There is nothing wrong with gnome 3. I have been using it since the early days.
I don't understand why people are getting in a state because it does not have Icons on the desktop.
It does.
They are not enabled by default, and they are easy to "turn on" just by enabling them in the desktop section of advanced settings.
The workspaces are there to.
I use 5 in all, and each application I configure to launch on a specific workspace. Just like I did in gnome 2.
I point to the hot corner, or hit the winblows key and all workspaces are revealed.
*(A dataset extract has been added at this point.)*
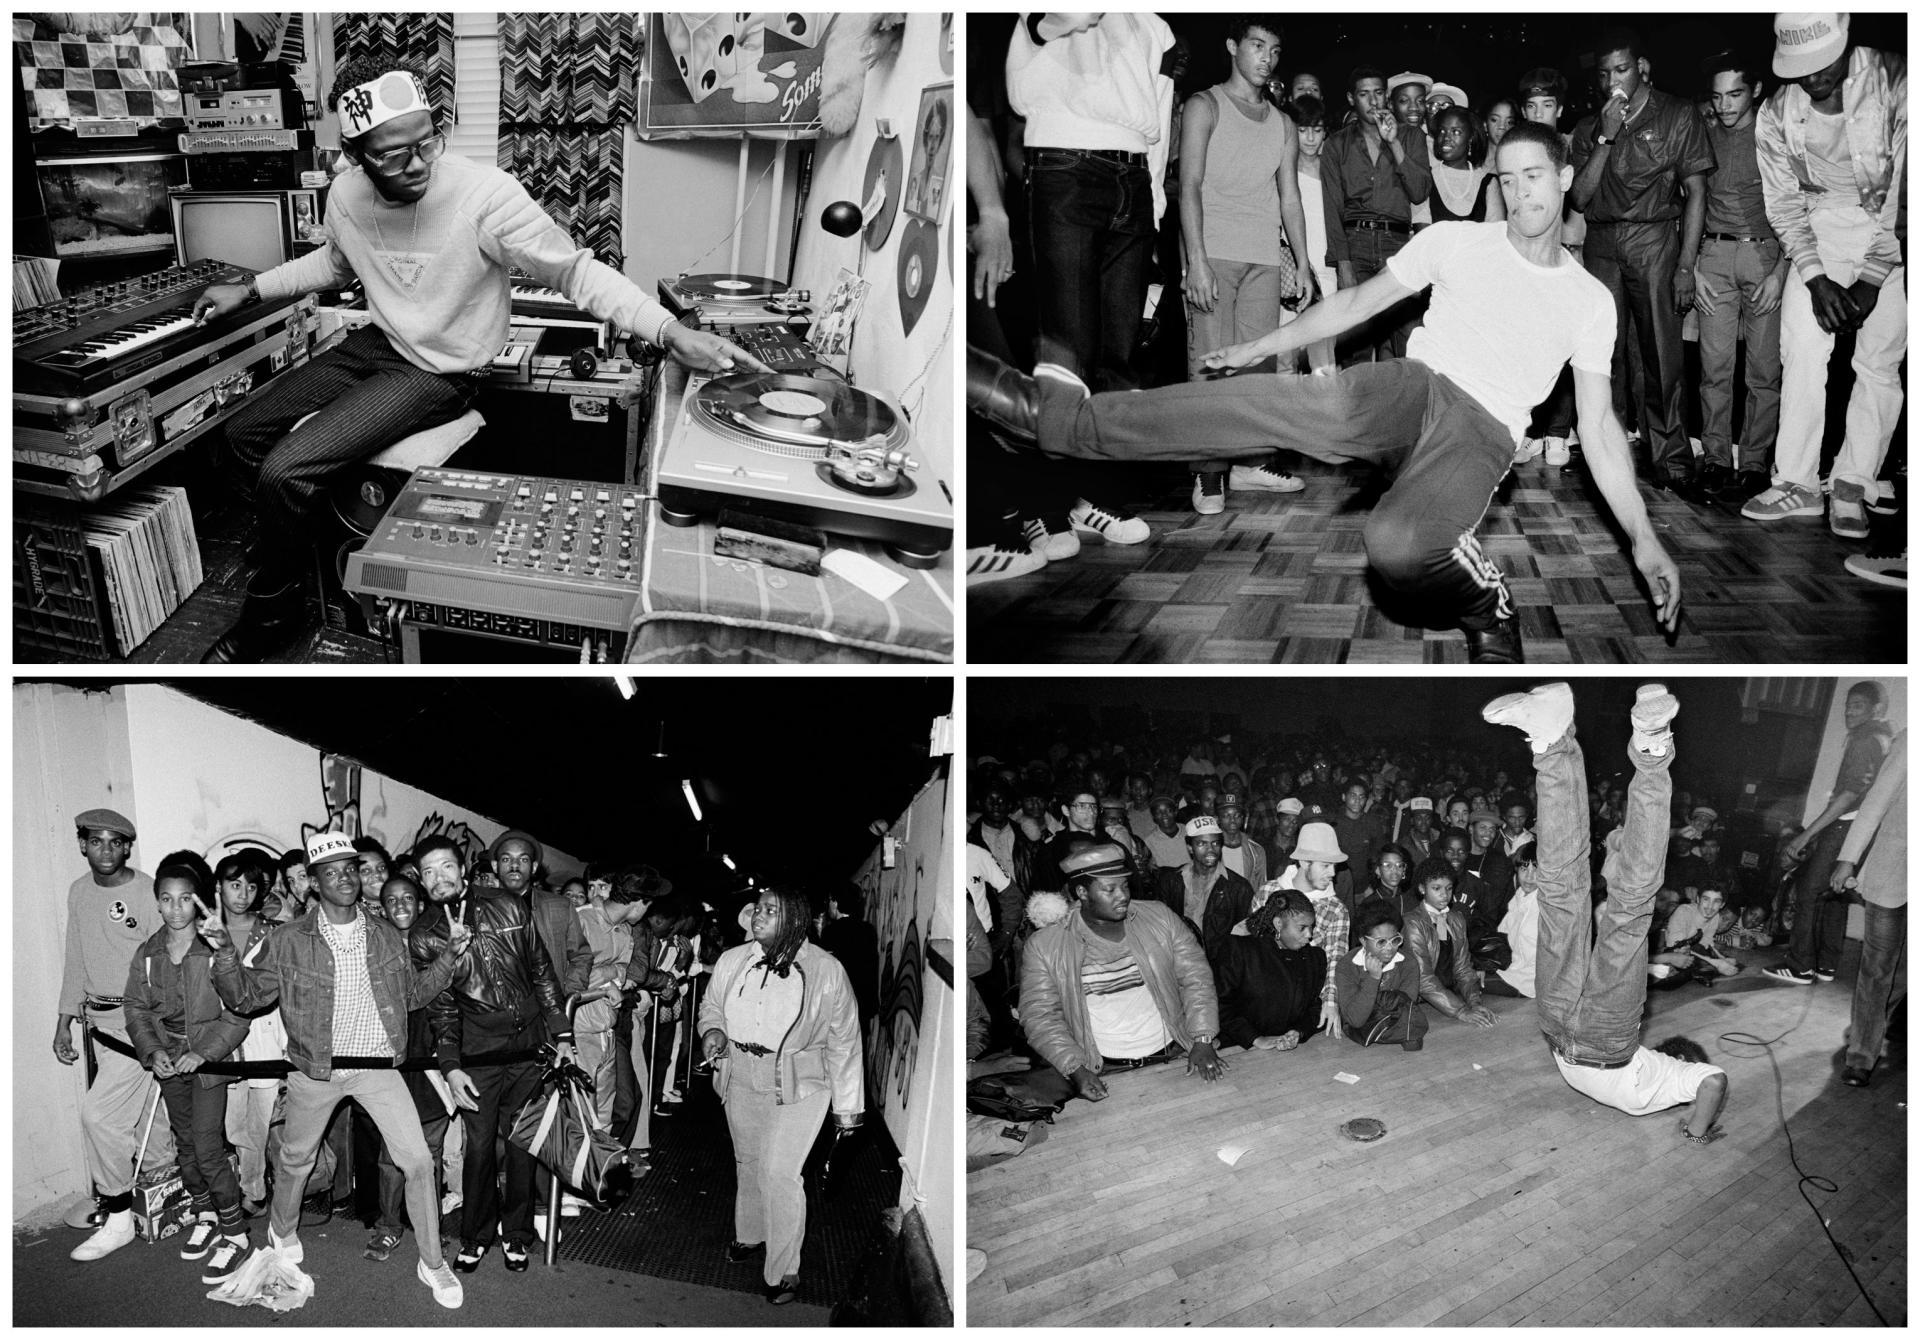 De gauche à droite et de haut en bas : le DJ GrandMixer D.St; le Break dancer Crazy Legs du groupe Rock Steady Crew; l'entrée du Roxy un vendredi soir; Mohamed du groupe Magnificent Force au Bronx River Center.

Easy.
There are hundreds of posts all over the internet slating gnome-3. If you are new to linux, you will love it.
If you are a die hard gnome-2 fan, you will hate it. Why? Change. As simple as that, some people just won't accept change.
Gnome 3 does all the same things as Gnome 2, just happens to look a little sexier.
Thanks to the people developing gnome-shell-extensions, gnome-3 is just as configurable as gnome-2.
I don't see what the problem is frankly.
I urge you Lasulu to try out Gnome 3 on one of your spare boxes.
There is so much terrific documentation and support in the Gentoo community, you will always have access to a helping hand.
Believe me when I say you will wonder what all the fuss was about after you have dipped your toes in gnome-shell for a month or so.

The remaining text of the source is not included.